Ticket #58 (closed defect: fixed)
c2s/s2s: improper use of OpenSSL's SSL_CTX_use_certificate_chain_file() and SSL_CTX_load_verify_locations()
| Reported by: | smoku | Owned by: | smoku |
|---|---|---|---|
| Priority: | major | Component: | General |
| Version: | 2.1 | Keywords: | |
| Cc: | Tracforge_linkmap: | ||
| Blocking: | Blocked By: |
Description
jabberd2's SSL initialization (in sx/ssl.c) is flawed, unfortunately.
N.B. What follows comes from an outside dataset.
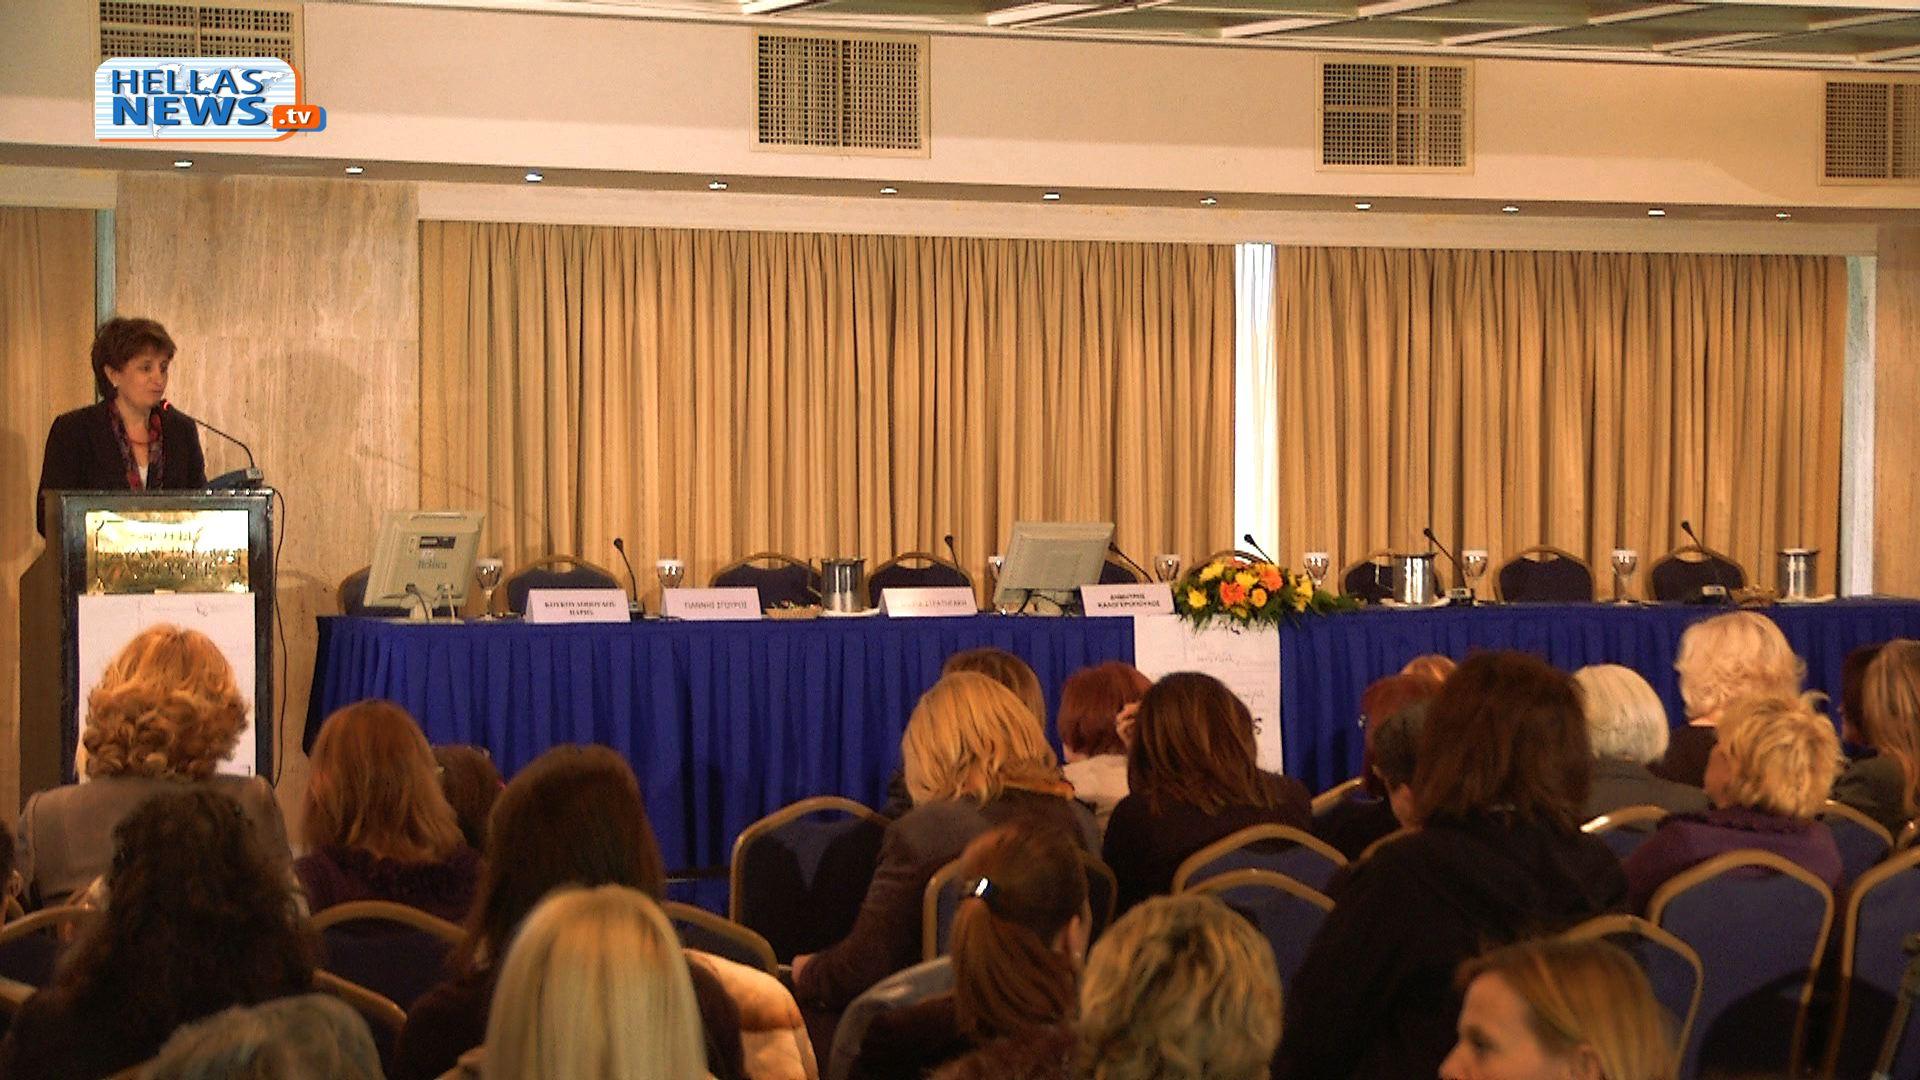 Ημερίδα της Γενικής Γραμματείας Ισότητας των Φύλων Η Ευρωπαϊκή Χάρτα για την Ισότητα των Φύλων στις Περιφέρειες

It will work with self-signed end-entity (i.e. server) certificates or end-entity certificates issued by a self-signed root, but as soon as a chain with intermediate CA certificates is involved ("cachain" config statement), things will break.
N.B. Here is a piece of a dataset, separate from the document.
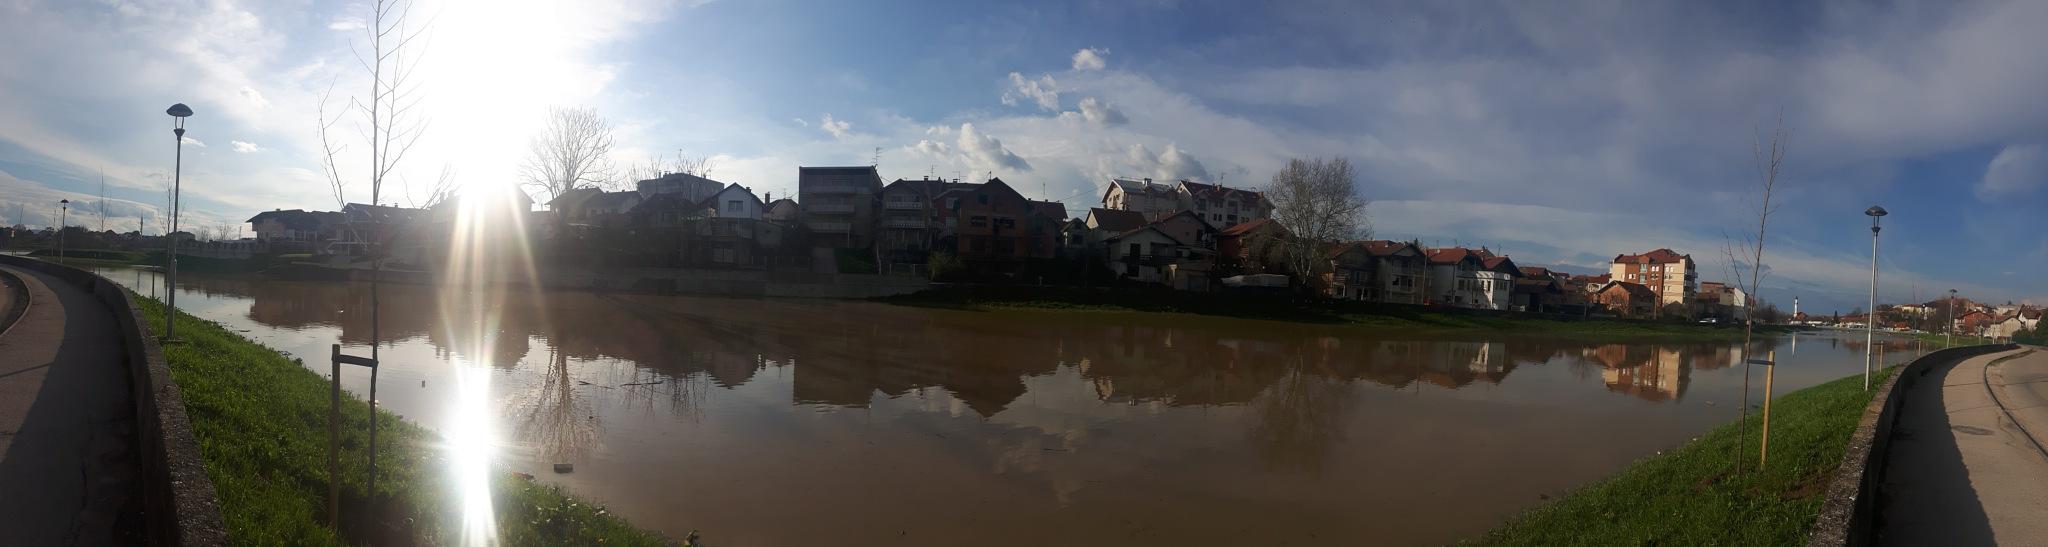 Flooded river Brka in Brčko by Mevludin_Hasanovic

The v2_0 branch currently has it like this (sx/ssl.c):
/* load the certificate */
ret = SSL_CTX_use_certificate_file(ctx, pemfile, SSL_FILETYPE_PEM);
if(ret != 1) {
_sx_debug(ZONE, "couldn't load certificate from %s", pemfile);
SSL_CTX_free(ctx);
return 1; }
/* load the private key */
ret = SSL_CTX_use_PrivateKey_file(ctx, pemfile, SSL_FILETYPE_PEM);
if(ret != 1) {
_sx_debug(ZONE, "couldn't load private key from %s", pemfile);
SSL_CTX_free(ctx);
return 1;
}
/* Load the CA chain, if configured */
if (cachain != NULL) {
ret = SSL_CTX_use_certificate_chain_file(ctx, cachain);
if(ret != 1) {
_sx_debug(ZONE, "WARNING: couldn't load CA chain");
}
}
In trunk, the last code block has been changed to use SSL_CTX_load_verify_locations() instead:
/* Load the CA chain, if configured */
if (cachain != NULL) {
ret = SSL_CTX_load_verify_locations (ctx, cachain, NULL);
if(ret != 1) {
_sx_debug(ZONE, "WARNING: couldn't load CA chain: %s", cachain);
}
}
However, both cases reflect improper usage of these OpenSSL functions and probably come from a misunderstanding when reading OpenSSL's man page(s). Specifically, SSL_CTX_use_certificate(3) says:
it is recommended to use the SSL_CTX_use_certificate_chain_file() instead of the SSL_CTX_use_certificate_file() function in order to allow the use of complete certificate chains even when no trusted CA storage is used or when the CA issuing the certificate shall not be added to the trusted CA storage.
This is exactly the idea behind the "cachain" statement, as far as I see, but the current code doesn't achive that (both v2_0 and trunk).
The patch proposed in this message
http://mail.jabber.org/pipermail/jabberd/2006-April/003320.html
will "somehow" address the problem, but it's not the proper fix - which consists of replacing SSL_CTX_use_certificate() by SSL_CTX_use_certificate_chain_file(), making it possible to get rid of the "cachain" statement and use "pemfile" for both the server certificate plus private key *and* the certificate chain.
I will be attaching two patches (one for the V2_0 branch, the other for trunk) which
- modify sx_ssl_init() to use SSL_CTX_use_certificate_chain_file() instead of SSL_CTX_use_certificate_file() [sx/ssl.c]
- completely remove the "cachain" statement (both in the code handling the configuration file and in the config templates) [c2s/c2s.h, c2s/main.c, etc/*.xml.dist.in, s2s/main.c, s2s/s2s.h]
- add a detailed explanation of the "pemfile" statement wherever applicable [etc/*.xml.dist.in]
Would be nice to see them applied soon. Let me know if you have further questions about the proposed changes (which are backward compatible, in my opinion - "pemfile"s with only the end-entity certificate and the private key will continue to work, and "cachain" was never really usable, I guess).